The installer should have run the drop from the tap location, to a point on the actual cable span that is on the neighbors property and then from there to the house. That being said, it obviously takes more time to do, so more often than not, installers/contractors do not go the extra mile as they just want to get in and get out. Call the cable company and explain. If you are a subscriber, they should entertain your request quickly, if not, it may take a little effort to persuade them. Either way, you should be able to solve your problem without causing an issue with your neighbor.
posted by alightfoot at 11:55 AM on February 23, 2006


At the very least, they should have buried it. The cable company has special machines to do just that but I'm sure out of sheer convenience, they just dropped it and said "deal with it." Generally speaking, the utility easement is 3' on each side of the property line (here in Illinois) which includes front, sides and rear. For ComEd, our electric company in Ilinois, they considered the buried line itself, an an easement and technically within their jurisidiction. As a utility locator, I used to have to deal with these disputes on a daily basis. The cable companies would always respond by burying the cable (1st choice) or re-routing it (last choice).
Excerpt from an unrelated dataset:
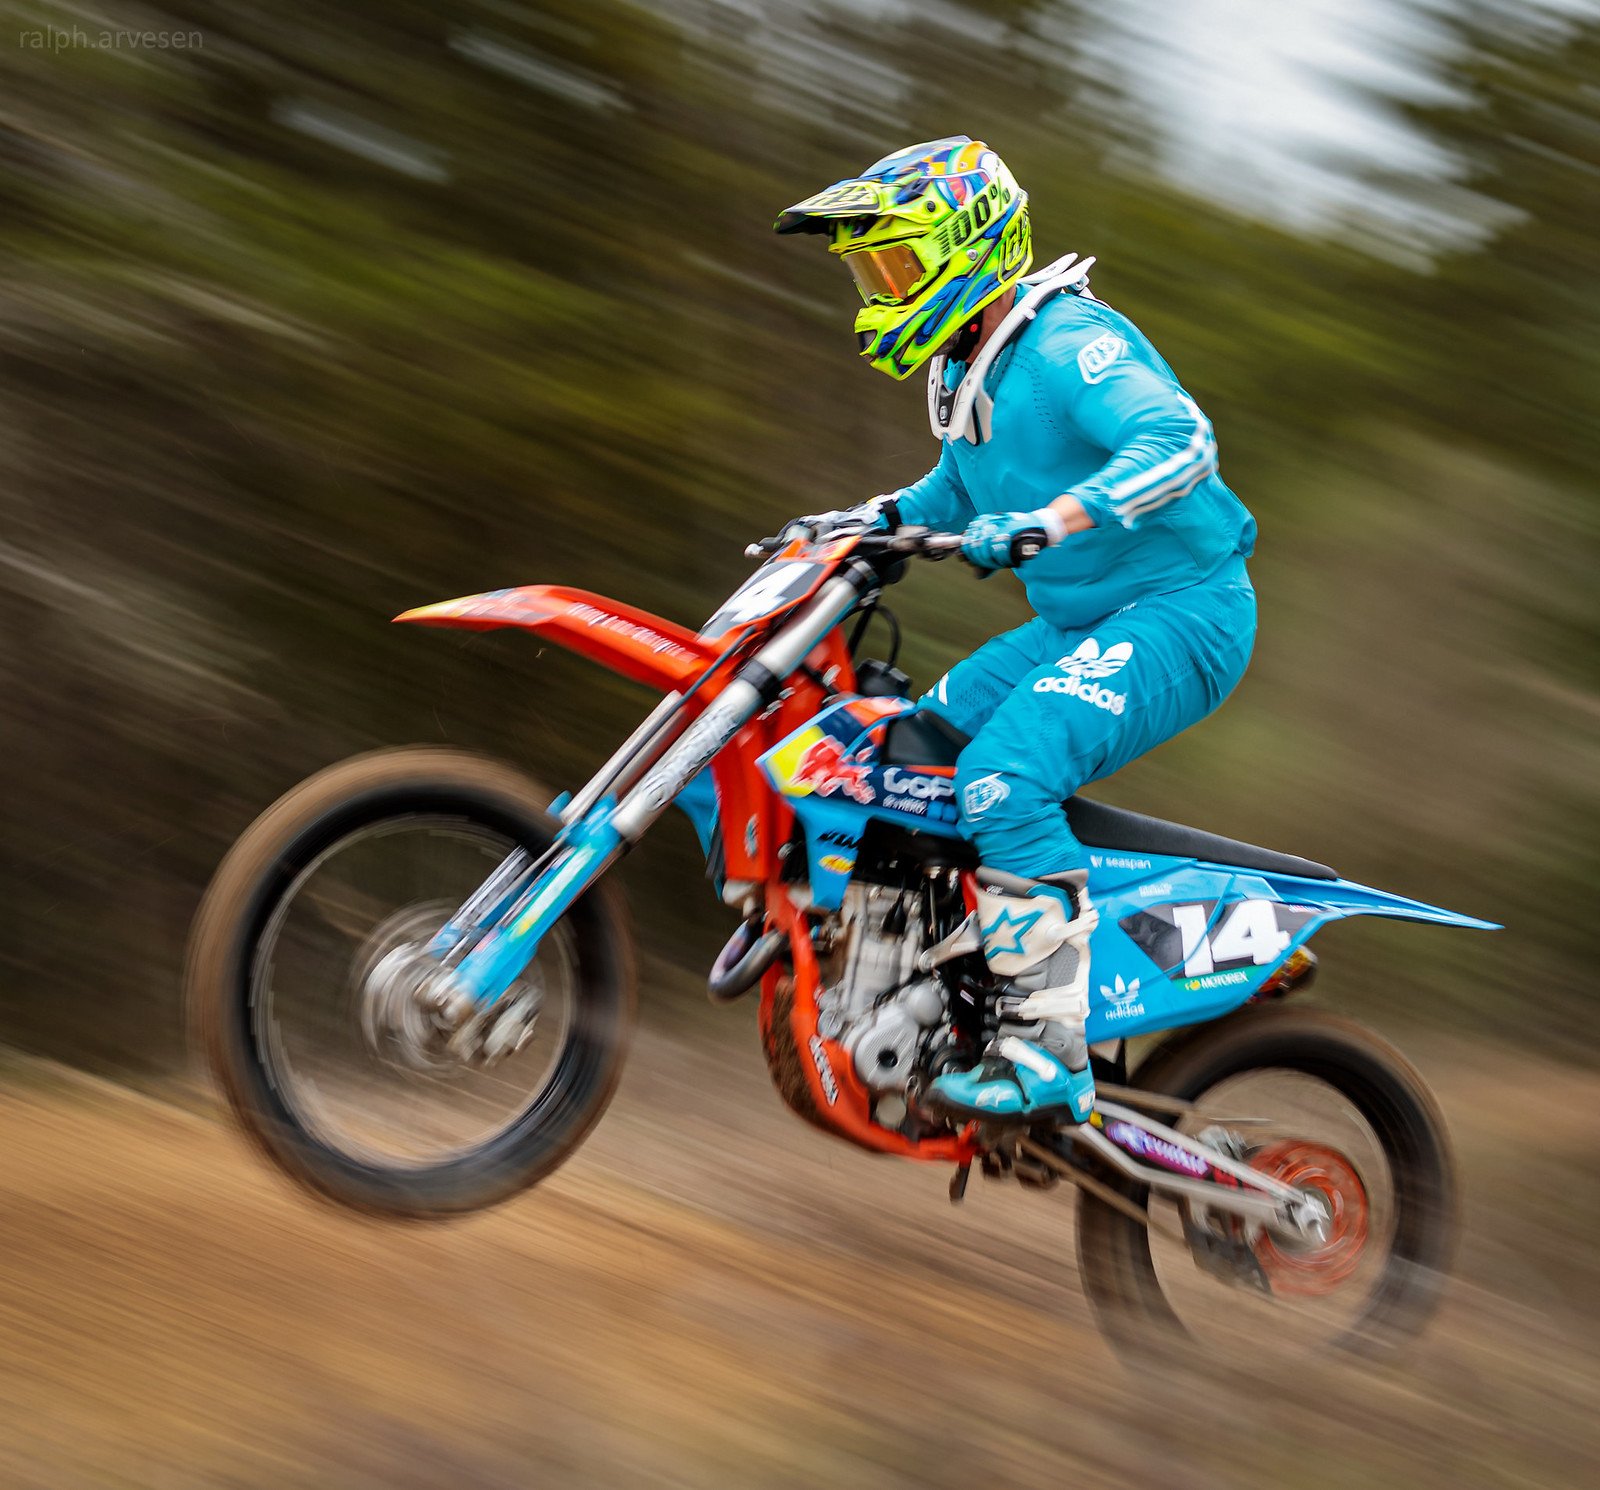 Motocross | Texas Review | Ralph Arvesen

Complain until it's fixed.
posted by KevinSkomsvold at 12:12 PM on February 23, 2006


Idea: Call the local "call before you dig" number and tell them you plan to install a TV tower and an incorrectly installed cable line must be cut and removed. Let the guys on that number deal with the cable co, since they cable co will actually listen to them. The last thing they want is for you to cut their cable to install a TV tower...
posted by shepd at 12:41 PM on February 23, 2006


You have no rights. Cable is considered a utility.

That dosn't mean he has no rights. Just that he may not (or may) have absolute rights.
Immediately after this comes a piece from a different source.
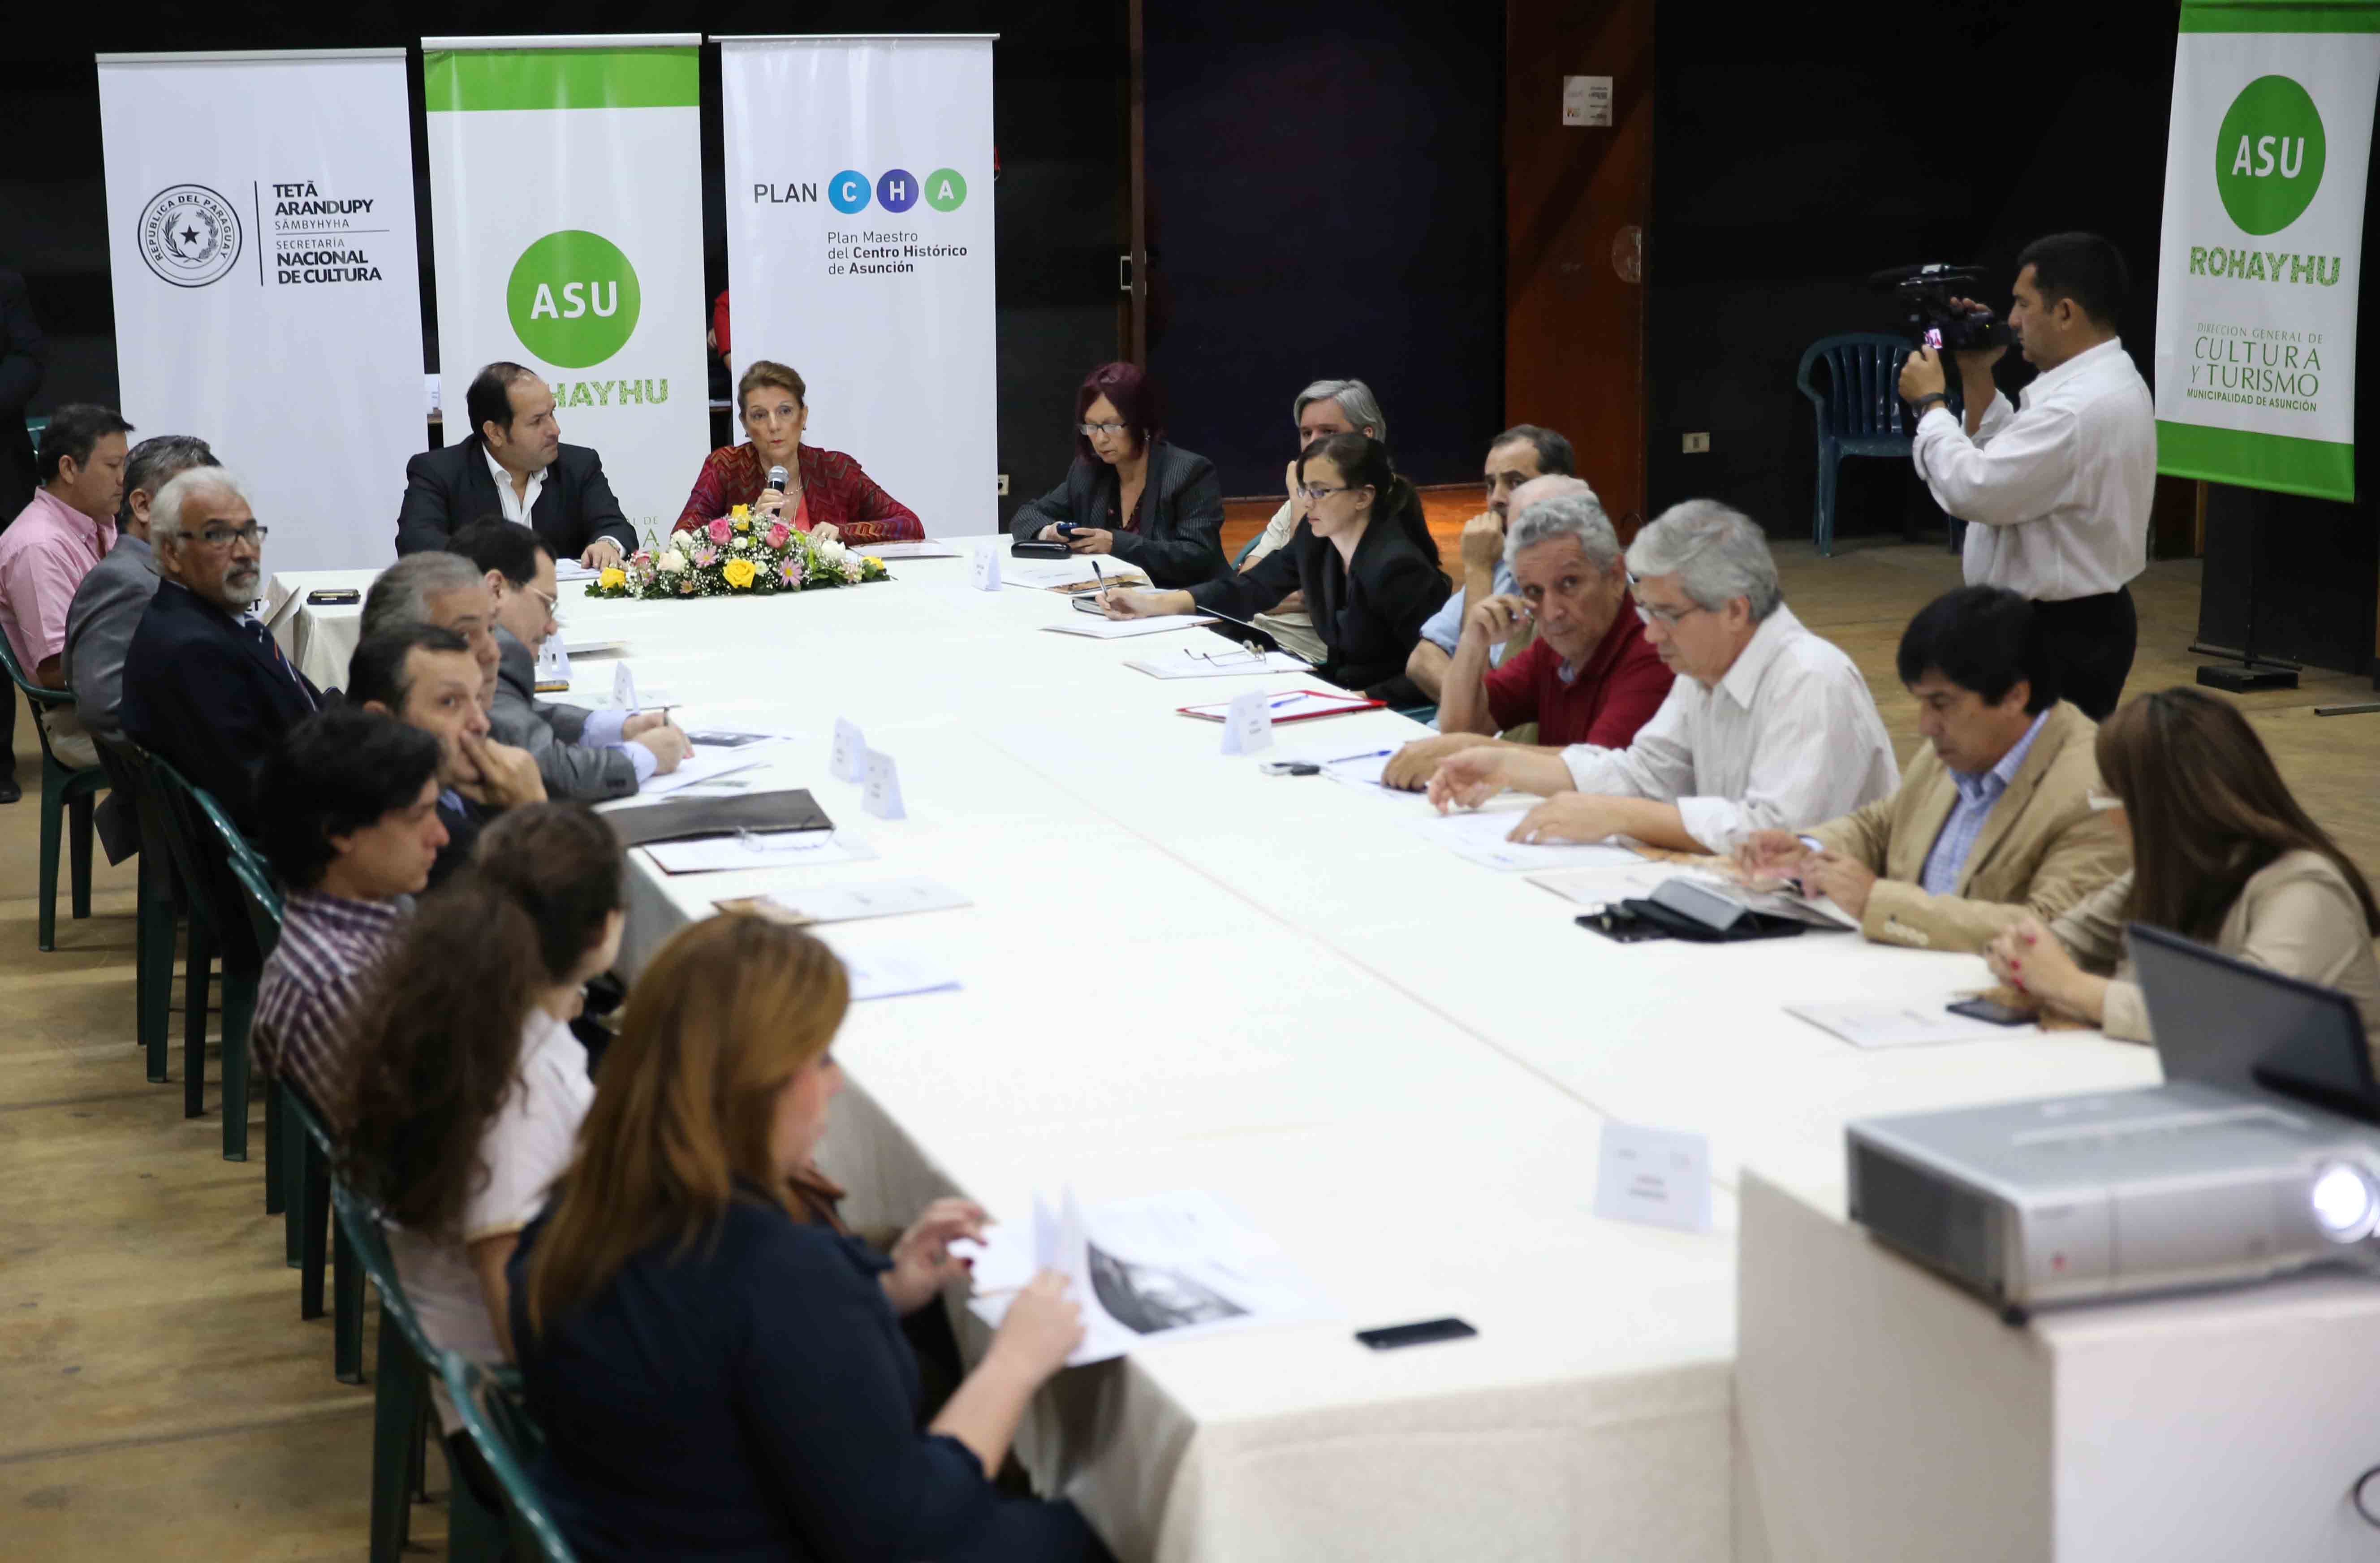 Formadores de opinión y periodistas debatieron con representantes de la Alianza por el Plan CHA imagen

Anyway, I'd call the city, depending on how big your town is.
posted by delmoi at 12:48 PM on February 23, 2006


klangklangston writes "When I lived in a more ghetto arrangement, there was a similar disagreement about hanging cables. The neighbor who objected would use a rake to pull down the cable and the neighbors who had the cable running to their apartment would complain about their lack of service. This was repeated four or five times until the cable company ran the cable around outside of the residence and along the fence line, out of reach. I believe that the objector just blaimed phantom 'kids' for the mischief."

As a last resort this can be amazingly effective. My parents had a pole on the corner of their property with telephone, cable, hydro, city street light, and CP/CN telegraph lines hung off of it. My parents wanted to get an electrical drop off the pole to an outbuilding and Hydro said they needed to get permission from the pole owner. However none of the five users wanted to admit ownership till my father threatened to cut the pole down. We had power the next week.
posted by Mitheral at 4:46 PM on February 23, 2006


Just a quick mention that nobody has brought up. If there are trees nearby the line and you have previously paid to have them trimmed, you might want to let the cable company know that if the line isn't removed, they will have to trim those trees for you, and give them a copy of the bill you paid for the trees trimmed.
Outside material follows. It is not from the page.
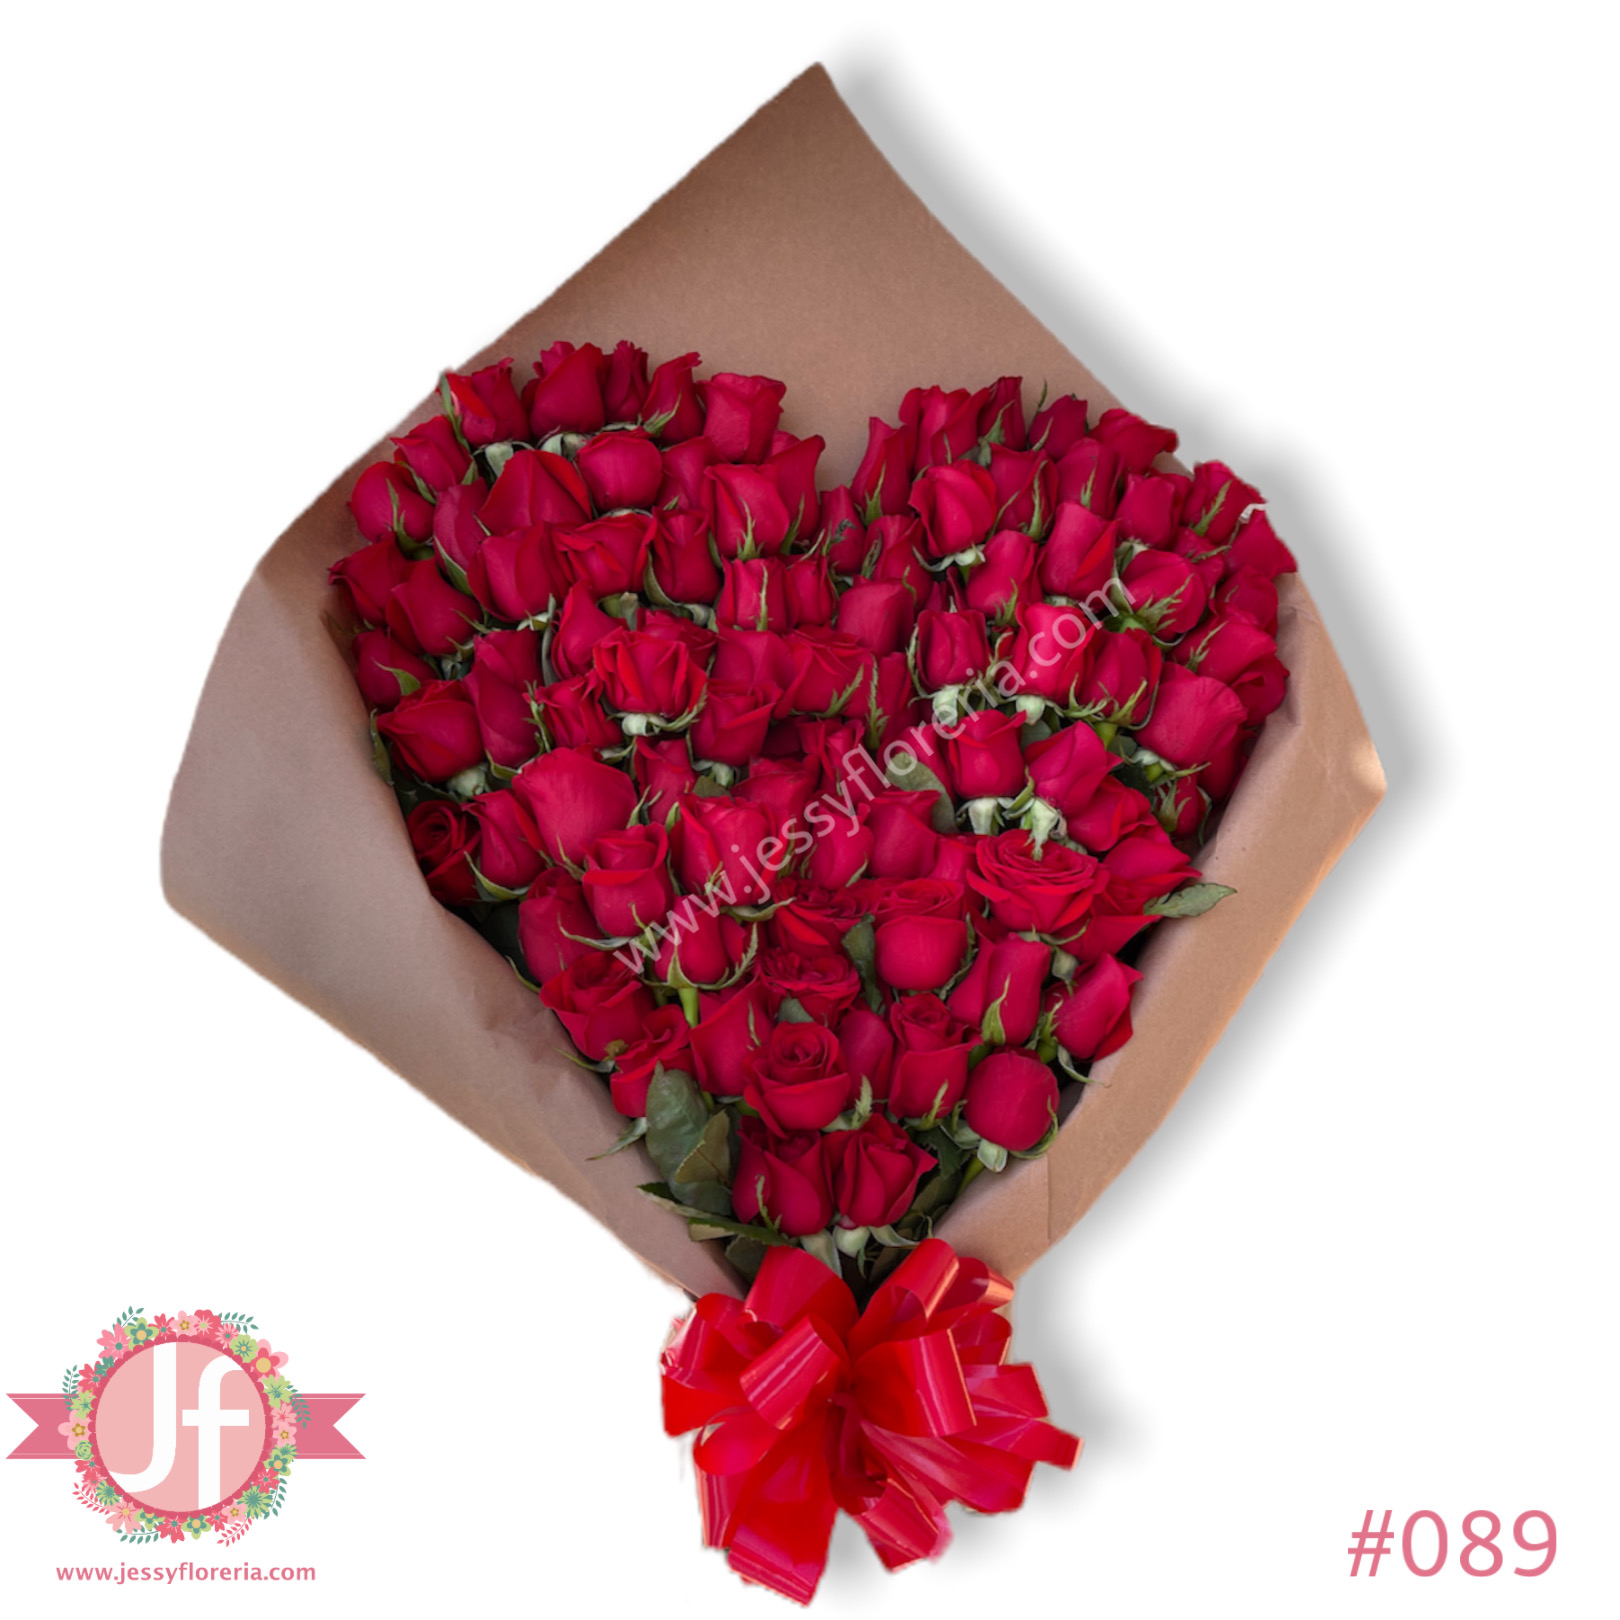 31 ideas de Ramos de rosas  rosas, ramos, ramo de rosas

I like the idea of the TV Tower, but you might want to replace it with a tree or something else. Let them know that you are replanting or doing general yard work that requires digging, and let them know the spot. If they say it's safe, ask them what to do about the cable running from the pole to your neighbors house across the middle of your yard?

Surely if you mention to them, or the cable company, that you may be bringing in a tall backhoe or some other large machinary that may tear down their line, then they'll take care of it properly. I'm sure if you did this to your own cable line running to your house, they'd charge you (or the construction company) the cost to fix it. But they can't charge you the cost to fix your neighbor's cable line. You didn't pay for that, and you arn't responsible for other people's property in your space. And if it's lower then your house, it is indeed inside your property boundry, and will definatly get messed up by trees or medium sized machinary.

Make sure to say you are thinking about doing this, or you are planning on doing these things, so if they come out and move it, and then drive by weeks later, you could just say plans changed, money became an issue, or best yet, the wife changed her mind and ruined your plans. True or not, the male dominated cable installer sector will understand and chuckle about it.
posted by Phynix at 5:27 PM on February 23, 2006


Personally, I would go out at 5 in the morning with a tree pruner and clip the thing in several places.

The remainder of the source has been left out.